However, do note you didn’t actually need to compute the square root. Since for all positive real numbers $x>y$ if and only if $x^2>y^2$, it’s enough to observe that $50>49$, and that therefore $\sqrt{50}>\sqrt{49}$.

Too complicated. You don’t need to complete the square of

$$x^2-8x+y^2+6y=24$$

Bring it in a form such that $x^2$ and $y^2$ are on the same side of the equation and that they both have both a positive coefficient. If this is not possible, it is not the equation of a circle.

Your equation is already in such a form.

Now plugin the coordinates of your point. If equality holds for your equation then the point lies on the circle. If the side that contained $x^2$ and $y^2$ is the larger then the point lies in the outside of the circle. If the side that contained $x^2$ and $y^2$ is the smaller one then the point lies in the inner of the circle.

**Example:**

Point$(9,2)$:

$$9^2-8\cdot 9 + 2^2 +6 \cdot 2 = 25$$

and $25$ is greater than $24$, so the point lies on the outside.

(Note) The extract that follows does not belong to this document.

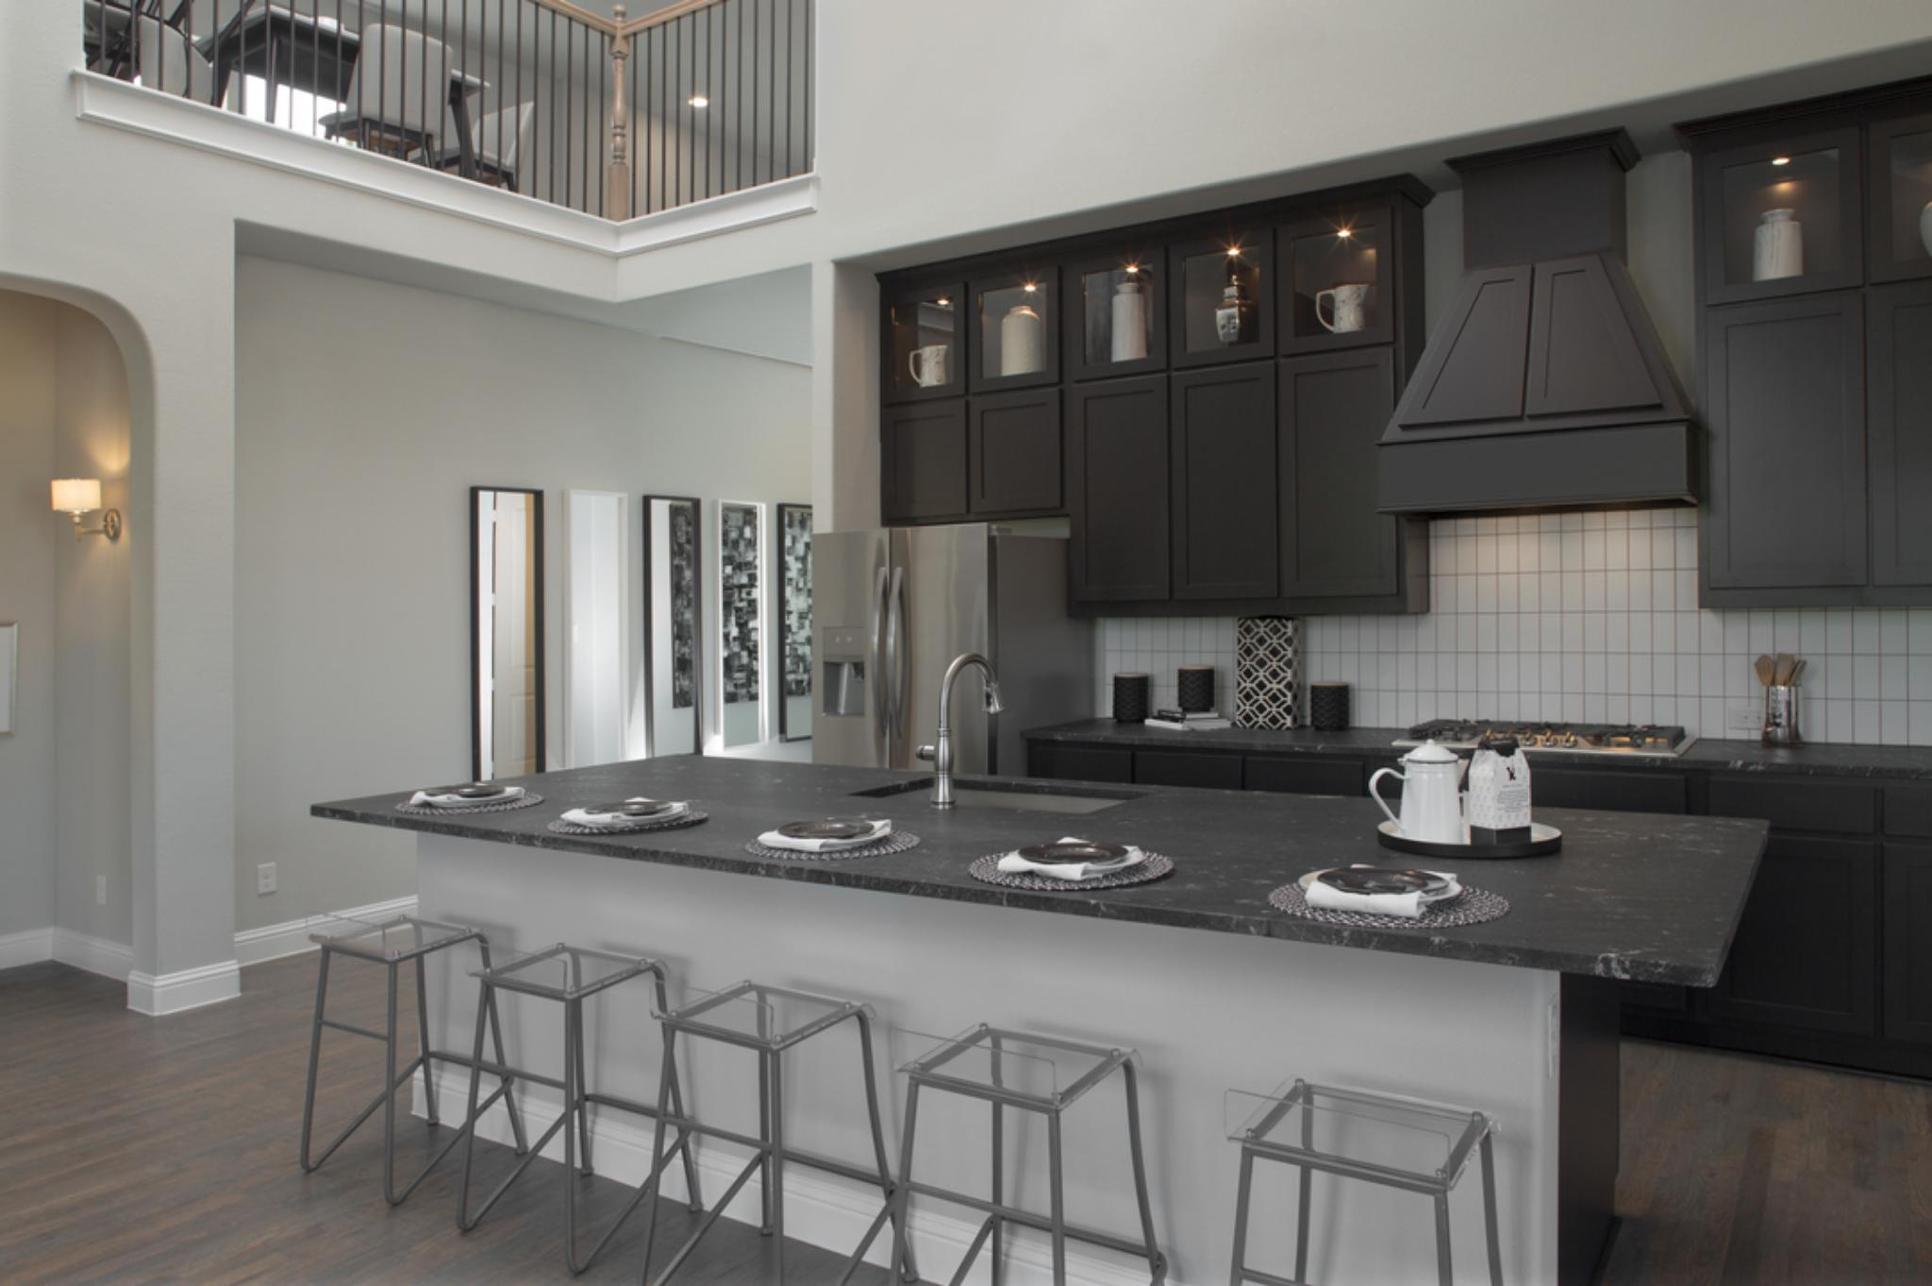 GRZ IMPORT IMAGE:Glen View | Kinsley Model | Foyer & Kitchen

You can bring it to a form where the right side is $0$ and the coefficients of $x^2$ and $y^2$ (on the left side) is $1$. This representation is unique (except the order of the terms because of commutativity of the $+$ operator). And now the rule is simple:

If you plug in the point and the LHS (left hand side) is $0$ then the point lies on the circle. If the LHS is negative then the point lies in the inner of the circle. If the LHS is positive then the point lies on the outside of the circle.

**Example:**

The LHS of the circle equation

$$x^2-8x+y^2+6y-24=0$$

is 1 if you plug in $(9,2)$. So the point lies in the outside.

The left hand side is the expansion of the expression

$$((x-c_x)^2+(y-c_y)^2)-r^2$$

The first term is the sqare of the distance of the Point $(x,y)$ to the center $(c_x,c_y)$ of the circle, the second is the square of the radius.

From this immediately follow the preceding statements.

You are correct, as $$7.07\gt 7$$ and since the radius of the circle is $7$ the point $(9,2)$ *must* lie (just) outside the circle.

You are correct, since the distance of point from the center is more than the that of radius i.e. $$7<7.07$$

Too complicated.

Simply re-write the given equation in the form $f(x, y) = 0$

That is, $x^2-8x+y^2+6y-24 = 0$

$d = \sqrt {f(x_o, y_o)}$ is the “length” of tangent from $P(x_o, y_o)$ to $C:f(x, y) = 0$.

Revised:-

If ${f(x_o, y_o)} \gt 0$, that tangent is a real one and P is outside of $C$.

If ${f(x_o, y_o)} \lt 0$, that tangent is an imaginary one and P is inside $C$.

If ${f(x_o, y_o)} = 0$; guess what…….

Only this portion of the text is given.